Friday 29 January 2010

GLA to withhold Bishops Place information

Last week OPEN was told that the Secretary of State's reasons for allowing the Bishops Place development were confidential and that the balance of the public interest favours non-disclosure".

Now, Boris's Greater London Authority tells us it is following that lead.

OPEN has been told by the GLA that information leading to it approving the Bishops Place scheme is "commercially confidential" and " may need to be withheld...".

The confidential information is, we believe, the 'financial viability assessment', which the developer Hammerson gave the GLA on condition it would never be publically revealed, and which sought to justify an £11 million deduction in its contribution to off-site affordable housing.

And, because it takes a long time time to remove all that information from the documents, " will be necessary to extend the time limit to respond" the GLA says.

Our request was sent on 22 December and the time limit for providing the information would normally be 11 January (20 days). But the GLA says the limited information which they will allow us to see may now not be provided before 1 March - just 4 days before the time limit expires to challange the GLA's decision to approve the Bishops Place scheme. How convenient. For the GLA. And for Hackney. And for the developer Hammerson.

What are the secrets of the Bishops Place planning decisions? There was certainly a lot of money involved - a £500 million private scheme, on a site mainly owned by Hackney Council, which was also the authority which granted planning permission, after the resignation of Hackney's former Head of Planning and after the developer had first vetted the Council report which went to the Planning Committee. Plus the promise of a £3.1 million payment for the GLA towards Crossrail into the bargain.

After a long battle against the local residential and business community, after an historic building was saved, after family homes and £11 million for affordable housing in Dalston had been lost, now darkness decends as the reasons for the authorities' approvals are removed from the public's view.

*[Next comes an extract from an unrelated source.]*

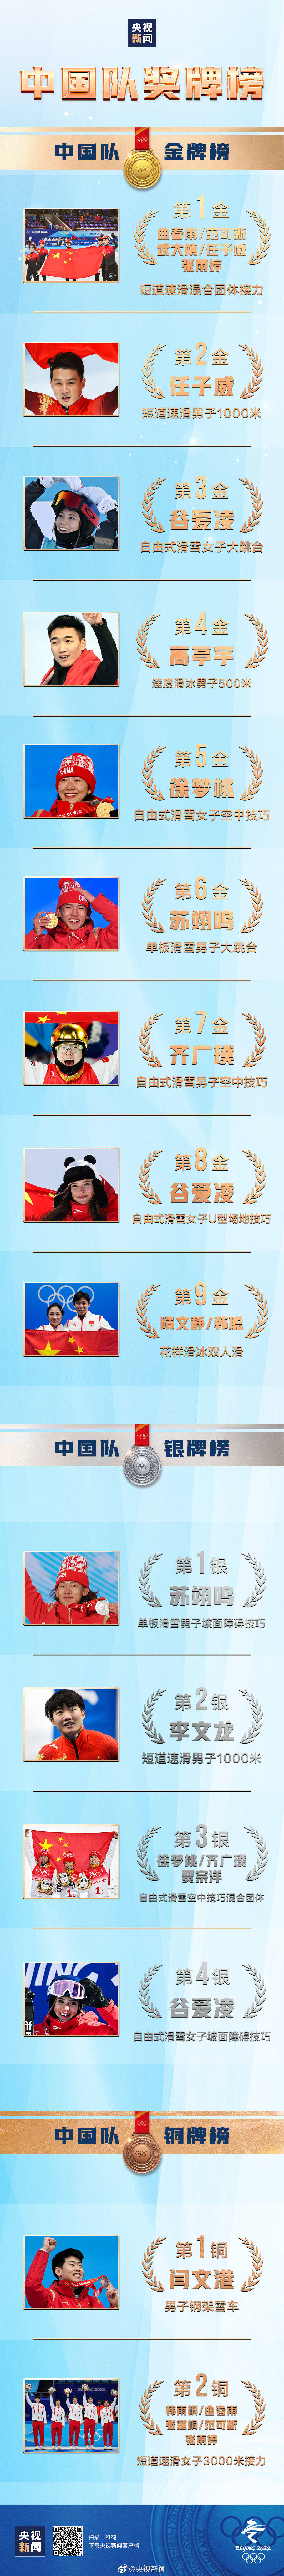 钢架|北京冬奥会所有比赛结束 中国队15枚奖牌收官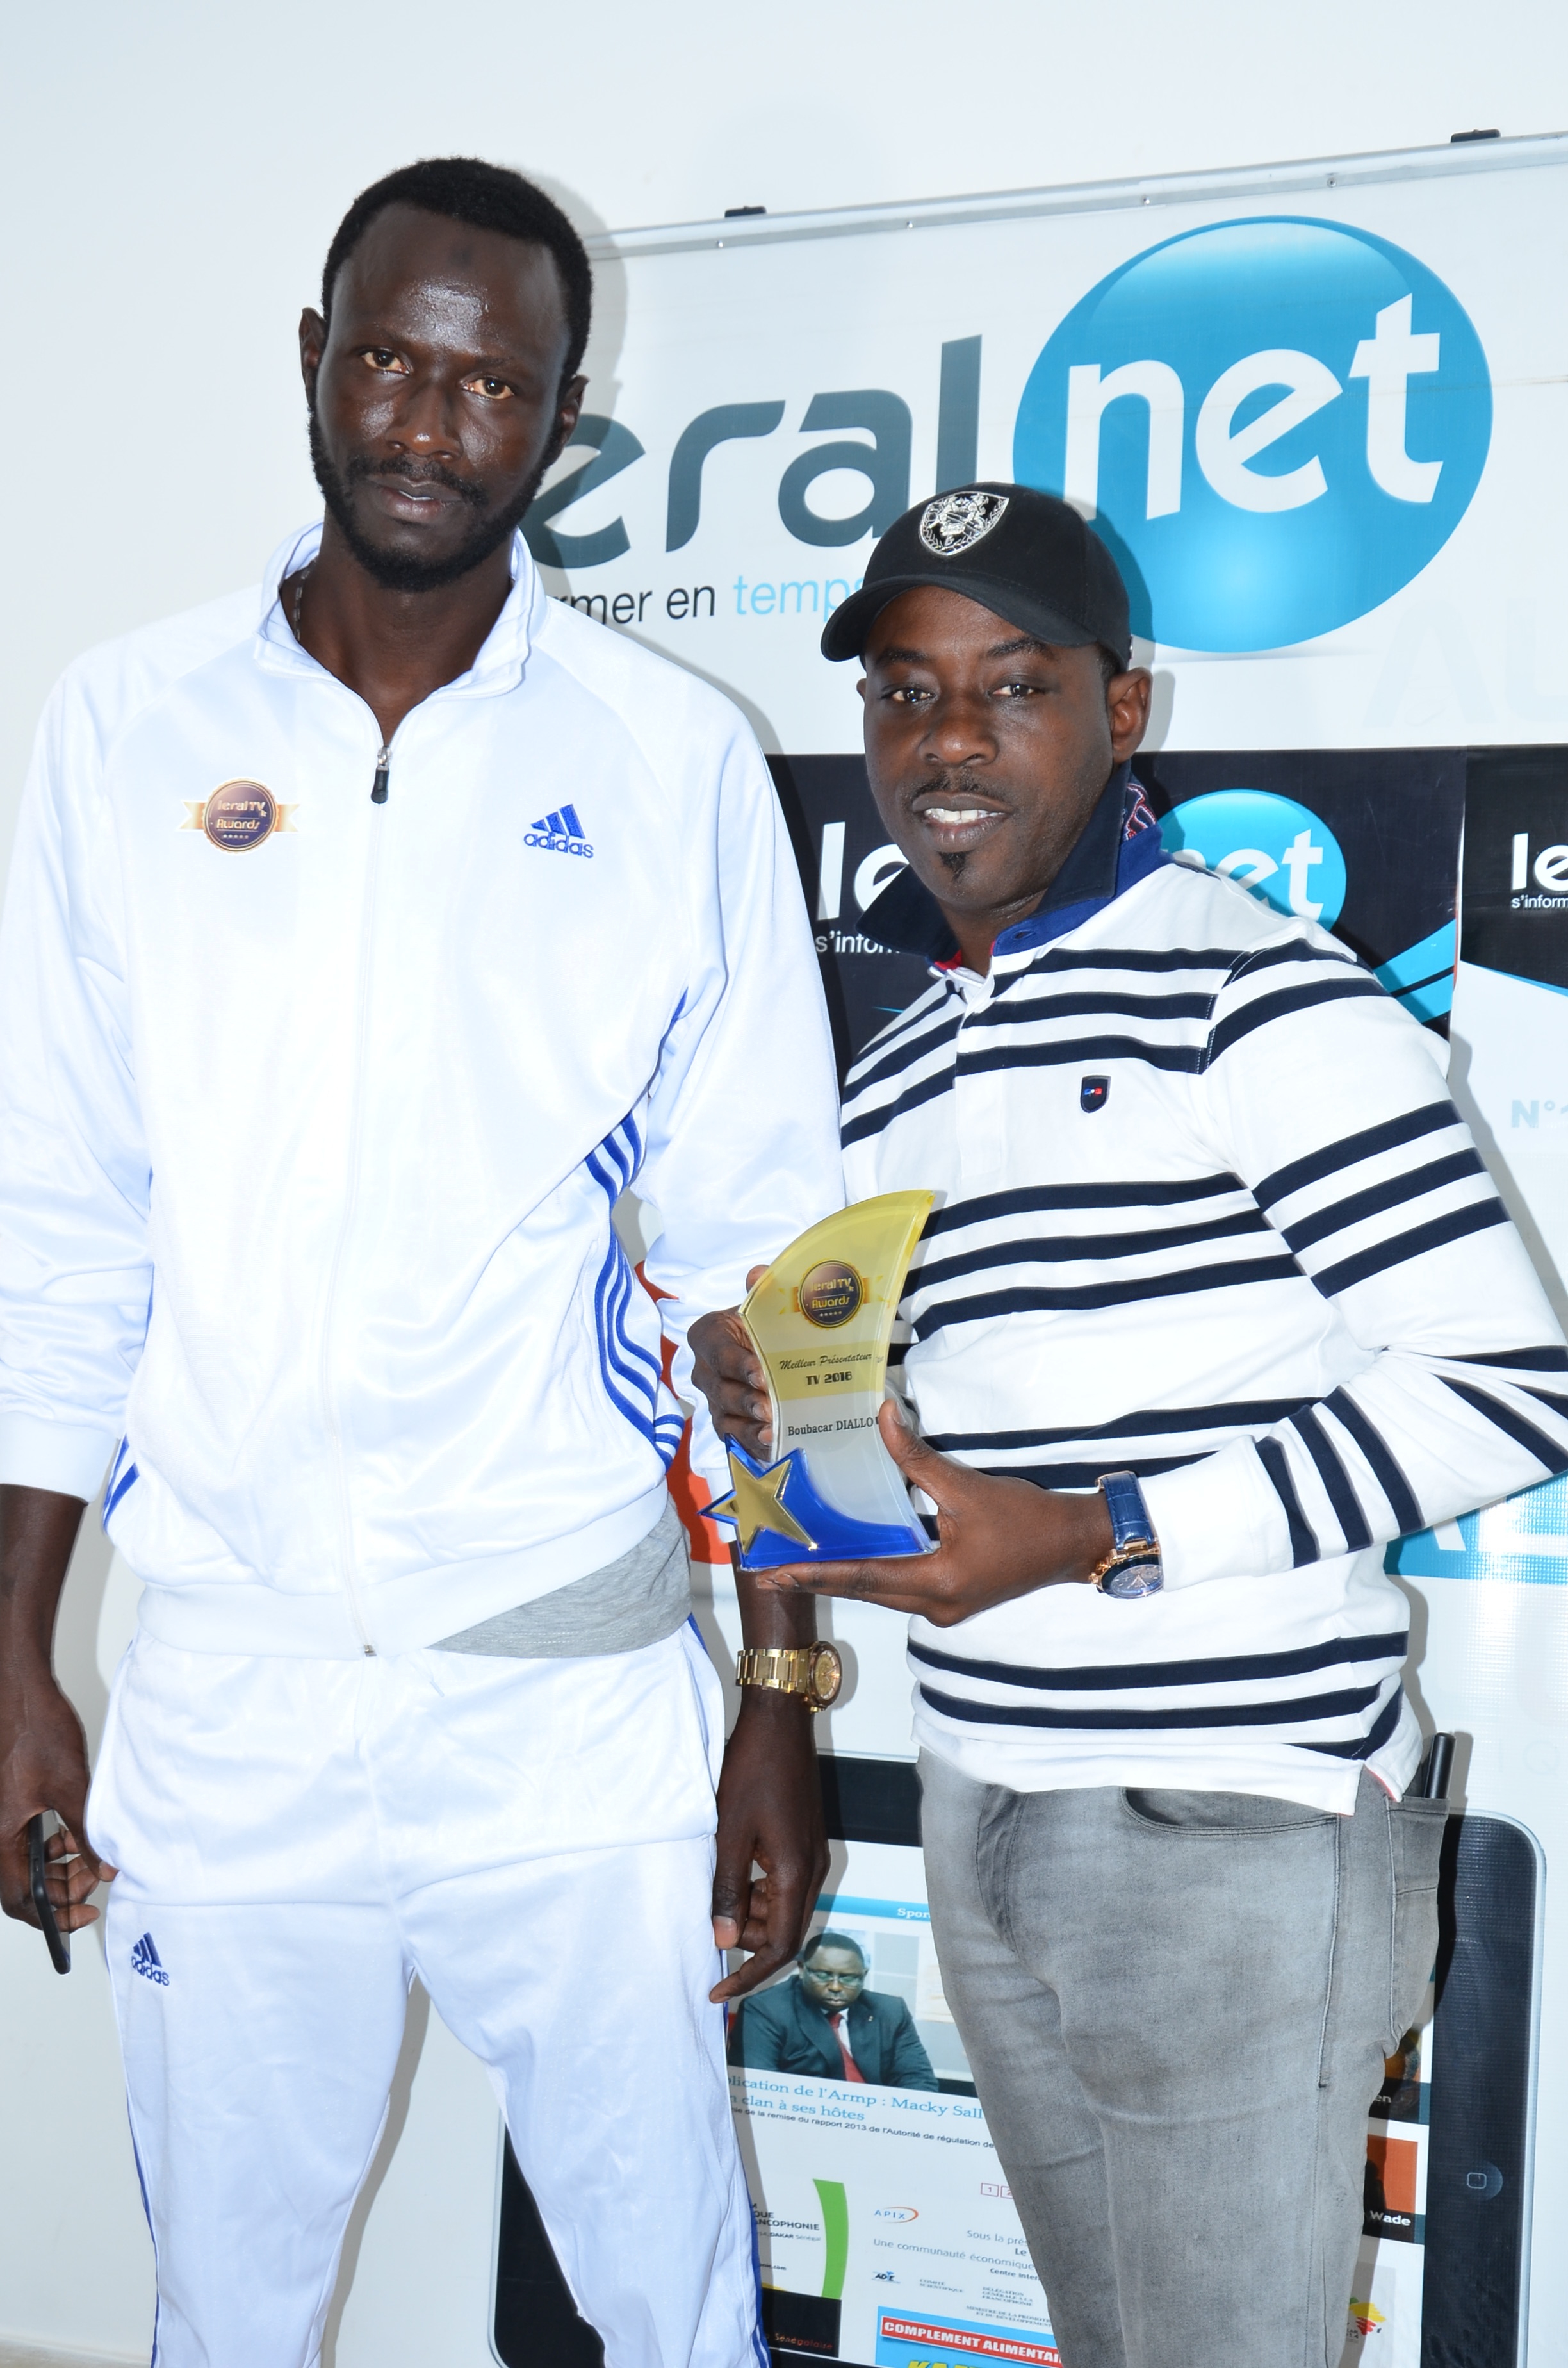 Les images de la remise du trophée de "Meilleur Présentateur de l'année 2018" à Boubacar Diallo

If Hammerson can raise the money to start building the 52-storey Bishops Place, before its planning permission lapses in 5 years, then Mammon will have secured its first major foothold in Shoreditch. It's attention will now move on to the other development sites locally which it, and the City Corporation, have spent years assembling.

Click on image to enlarge it

Friday 22 January 2010

OPEN draws a blank

OPEN Dalston's appeal to the Secretary of State has been rejected for reasons which, we are told, "the balance of the public interest favours non-disclosure".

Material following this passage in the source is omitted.